Entry

GANを使った環境音の生成→環境音の識別モデルの性能向上

Simple Title

Madhu, A. and K, S. (2021) ‘EnvGAN: Adversarial Synthesis of Environmental Sounds for Data Augmentation’.

Description

環境音の識別モデルの学習のためのData Augmentation手法の提案

Type

Paper

Year

2021

Posted at

May 18, 2021

Overview - 何がすごい?

Abstract

The research in Environmental Sound Classification (ESC) has been progressively growing with the emergence of deep learning algorithms. However, data scarcity poses a major hurdle for any huge advance in this domain. Data augmentation offers an excellent solution to this problem. While Generative Adversarial Networks (GANs) have been successful in generating synthetic speech and sounds of musical instruments, they have hardly been applied to the generation of environmental sounds. This paper presents EnvGAN, the first ever application of GANs for the adversarial generation of environmental sounds. Our experiments on three standard ESC datasets illustrate that the EnvGAN can synthesize audio similar to the ones in the datasets. The suggested method of augmentation outshines most of the futuristic techniques for audio augmentation.

Motivation

CNNなどを用いた環境音の識別は割と一般化しているが、まだデータ量が少ないこともあって、精度がそこまで上がっていない → Data Augumentation(データの水増し) も使われているが、ピッチ(音程)を変えたり、音をミックスしたりするだけでは不十分 → GANでそれらしい音を生成して水増ししよう！

Architecture

基本的にはWaveGANのアーキテクチャに基づいている。

二つのレイヤーを追加することで生成できる音の長さを、CDクオリティの44,100Hzで4秒、合計196608サンプル分、生成できるように拡張(元々のWaveGANは16384サンプル=1600Hzで1秒ちょっと)。

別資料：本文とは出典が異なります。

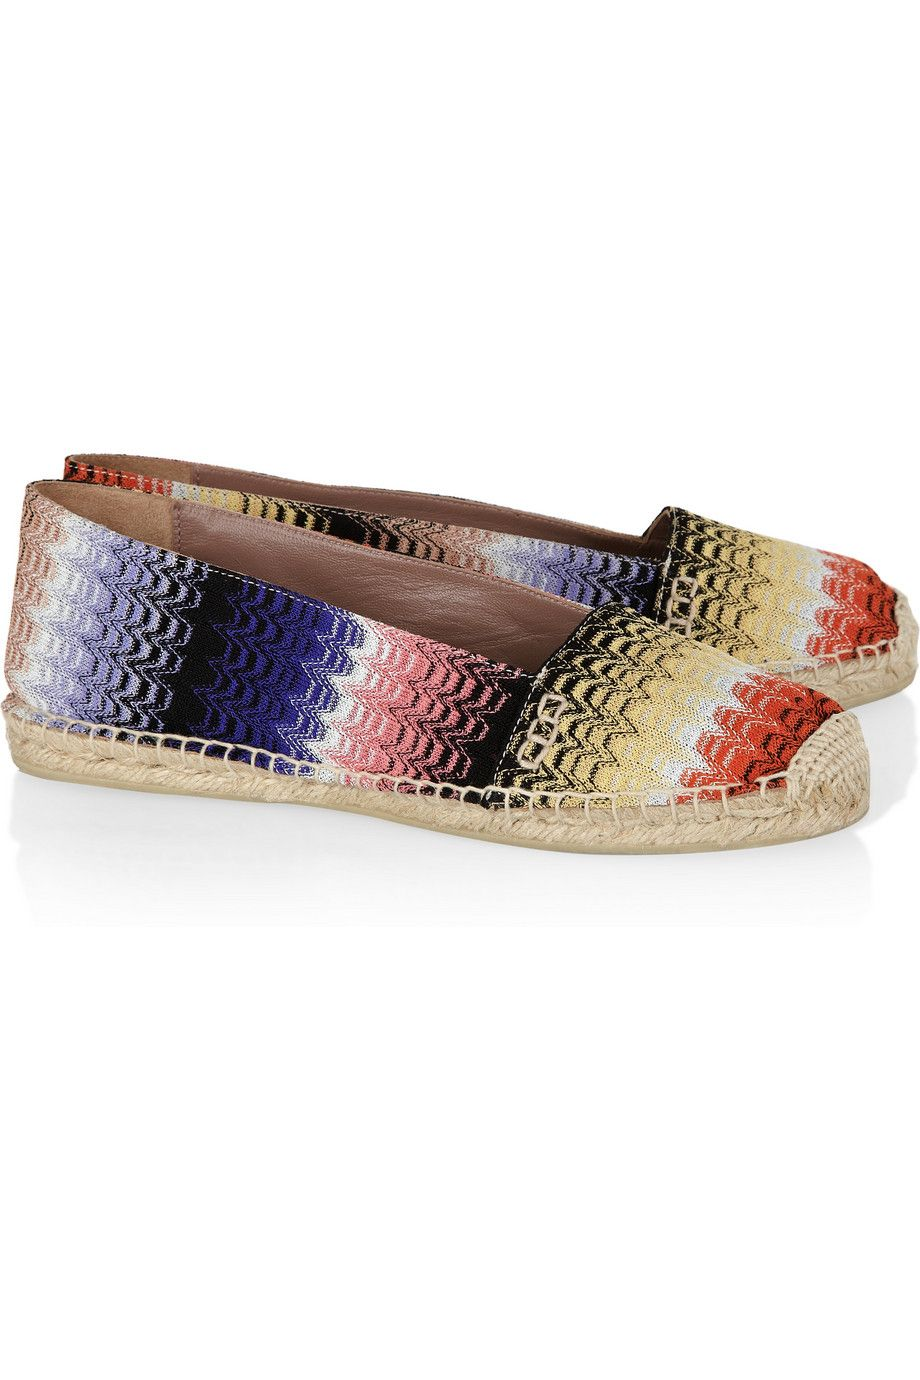 Missoni Woven Espadrilles Flats cheap 2014 sale fashion Style 2014 unisex cheap online discount price mhYanm0

それぞれの音のクラスに対して、GANのモデルを学習。あまりに元の学習データに近すぎるものは破棄 (=水増しにならないから)

EnvGAN Generatorのアーキテクチャ

環境音の識別は割と普通なCNNを使う。

Results

ESC-10, UrbanSound8k, TUTの三つのデータセットに対して、提案手法が一番良い認識率を示すことが示された。

識別モデルの結果

Further Thoughts

生成される音を聞いてみたい...

Related Works

Donahue, C., McAuley, J. and Puckette, M. (2018) ‘Synthesizing Audio with Generative Adversarial Networks’. Available at: http://arxiv.org/abs/1802.04208 (Accessed: 15 February 2018).